Hujan terkadang membuat produksi lentheng terancam punah, nakun mereka tak punya pilihan untuk berhenti pada titik tersebut, sebab jika dihitung menggunakan kalkulasi bulan, musim basah lebih panjang daripada musim kering. Penghasilan akan pasang surut jika mereka tak mencari solusi. Ketika embun berlinangan dari langit, lentheng-lentheng diangin-anginkan di dalam rumah, mereka tak menjemurnya di bawah matahari. Hasilnya pun tak sebagus ketika dijemur langsung di bawah terik matahari, membuat nilai jualnya menurun.

Mayotitas pemroduksi lentheng di dusun ini adalah wanita-wanita setengah baya, saya menyebut mereka sebagai pahlawan. Tak mau bersalaman dengan kata lelah, jarang berkenalan dengan putus asa, terus berusaha sekalipun alam mendung. Mereka adalah wanita-wanita yang tak mampu mengungkapkan sebait kalimat cinta untuk anak dan keluarga, tapi membuktikannya dengan jerih payah yang tak dapat dijangkau oleh perasaan. Memasrahkan kehendak takdir dengan dibarengi doa-doa memohon kebahagiaan di masa depan, demi keindahan hidup orang-orang yang dikasihi.

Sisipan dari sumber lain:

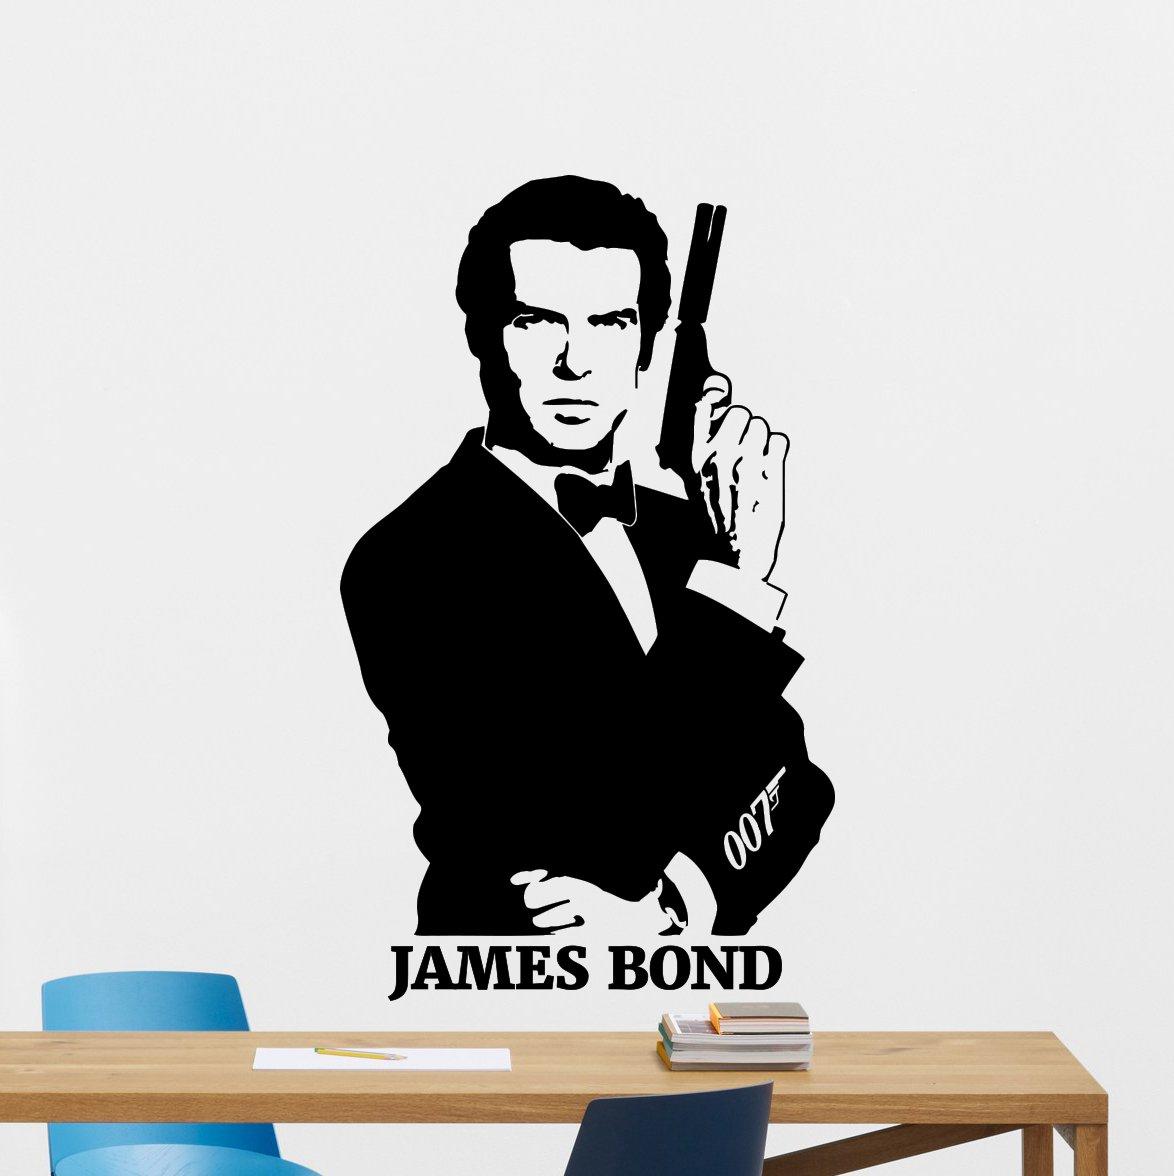 James Bond Wall Decal Pierce Brosnan Agent 007 Vinyl Sticker Spy Movie Wall Art Design Housewares Kids Room Bedroom Decor Removable Wall Mural 67zzz
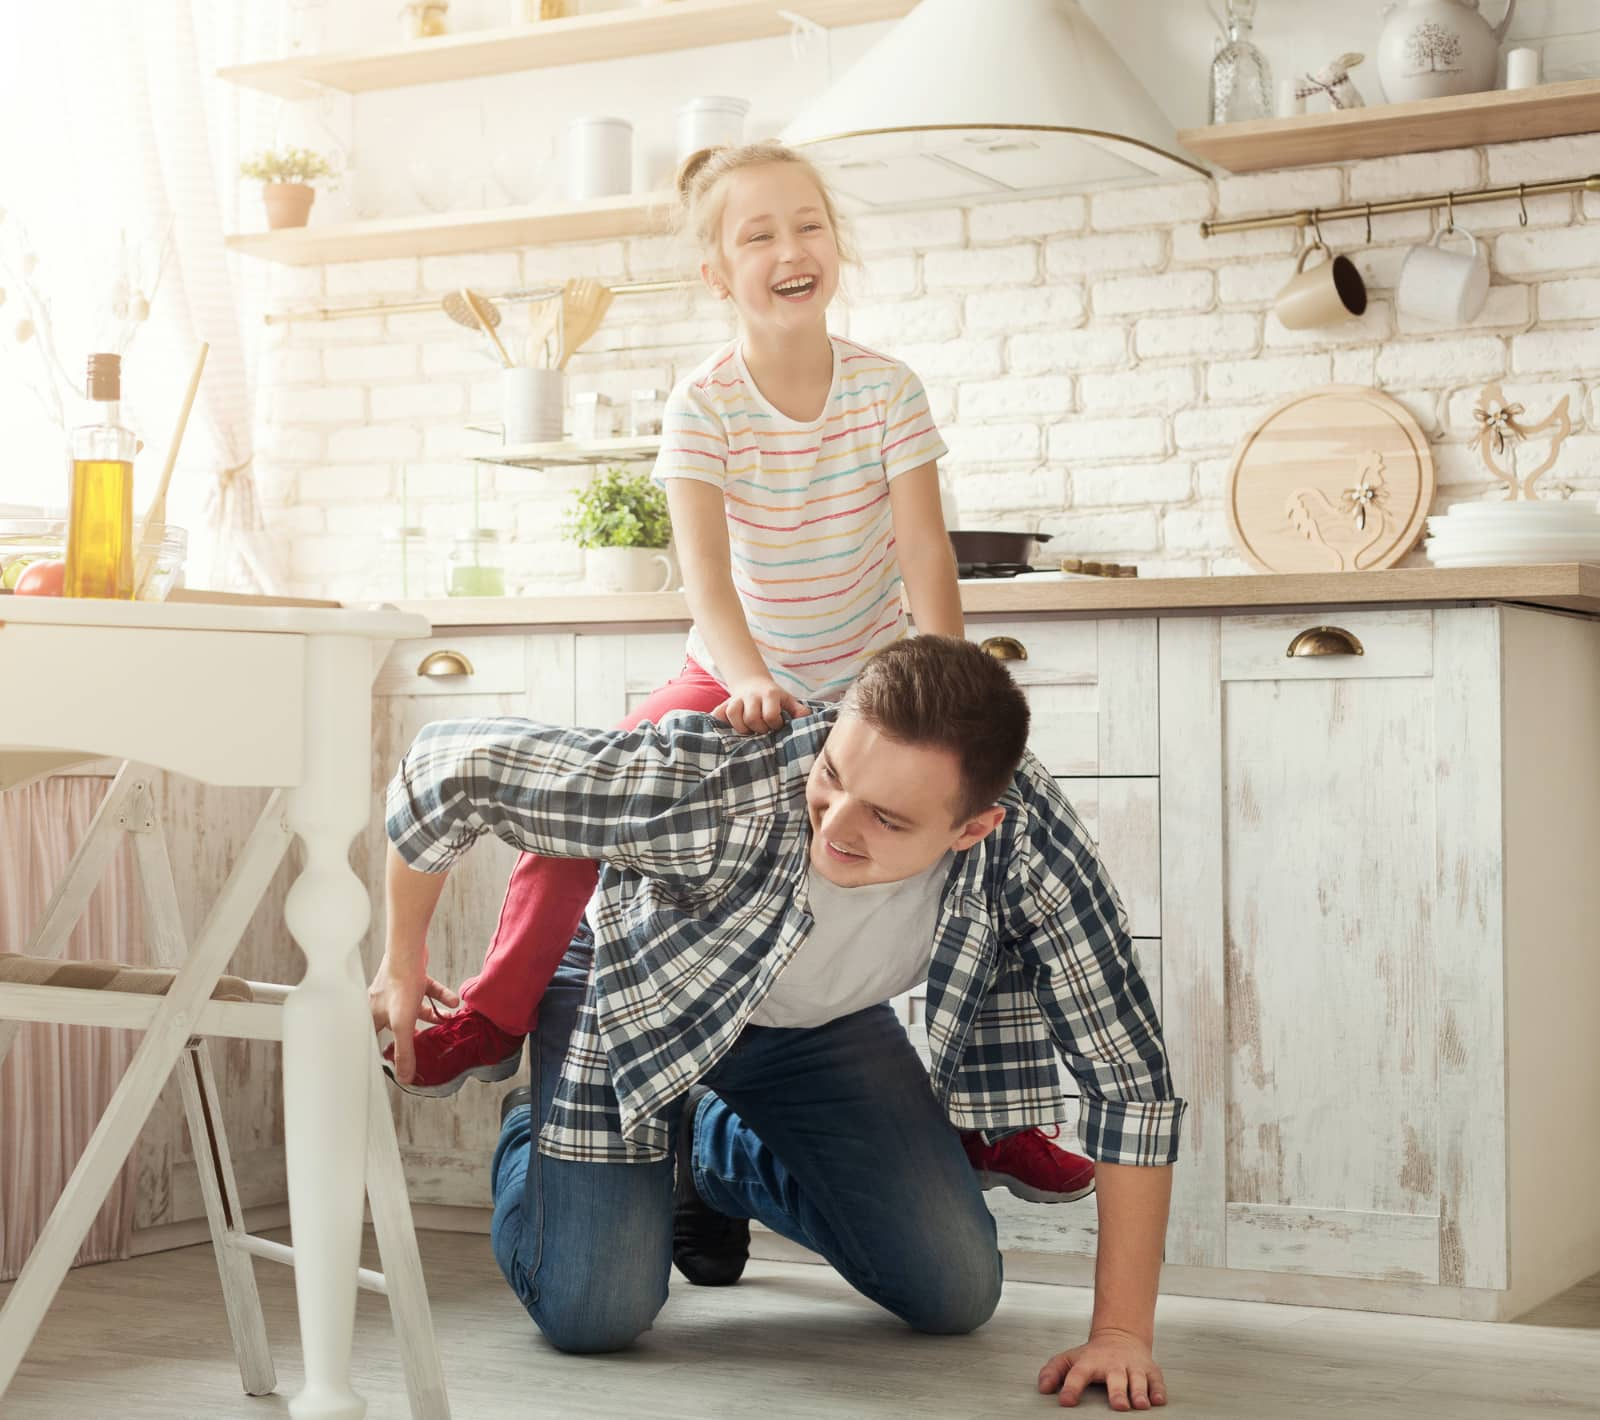 papa rijdt paarje met dochter in keuken

Apakah wanita-wanita pemroduksi lentheng menghabiskan waktunya dengan singkong-singkong saja? Tentu saja tidak, mereka memiliki kewajiban merawat dan mendidik anak-anak, menyiapkan makanan di meja makan, membersihkan rumah, mencuci pakaian suami dan buah hati, masih membantu suami yang bekerja di ladang atau sawah, aktif dalam kegiatan pengajian. Sungguh mulia mereka! Jiwa mereka terlahir lapang, ringan membantu dan rela mengorbankan seluruh tenaganya untuk orang yang hidup di sekitarnya tanpa mengharap imbalan sedikit pun, kecuali sebuah senyuman. Pernahkah kalian mengukur seberapa tinggi atau lebarnya sebuah ketulusan? Tak terhingga dan tak akan pernah bisa diukur.

Saya sering melihat ibu saya mencuci usai mengikat lentheng-lentheng yang akan dipasarkan, kadang di malam hari, kadang di waktu pagi buta pukul tiga dini hari, bisa juga di waktu matahari pamit pergi, sore hari. Malamnya, mata ibu sayup-sayup menonton sinetron televisi, berebut dengan anak-anaknya termasuk saya yang menggemari acara lain, ada yang suka dangdutan di chanel Indosiar, ada yang ingin berita. Remot terlempar ke sana kemari, dan pada akhirnya beliau memutuskan mengalah. Tak langsung istirahat, jika ada baju yang berantakan belum dilipat, maka beliau merapikannya. Beliau adalah orang cekatan, tidak malas-malasan meskipun umurnya sudah separuh abad lebih.

 Tak ada piagam atau pun mendali yang dapat dijadikan sebagai penghargaan kepada wanita-wanita Dusun Paren, bahkan jika ada pemerintah yang berniat ingin memberikan sebuah penghargaan jasa, tak akan bisa menjadi batas nilainya. Ketahuilah balasan yang sepadan dan imbang dengan perjuangan mereka hanya bisa diberikan langsung oleh pemilik alam semesta, surga.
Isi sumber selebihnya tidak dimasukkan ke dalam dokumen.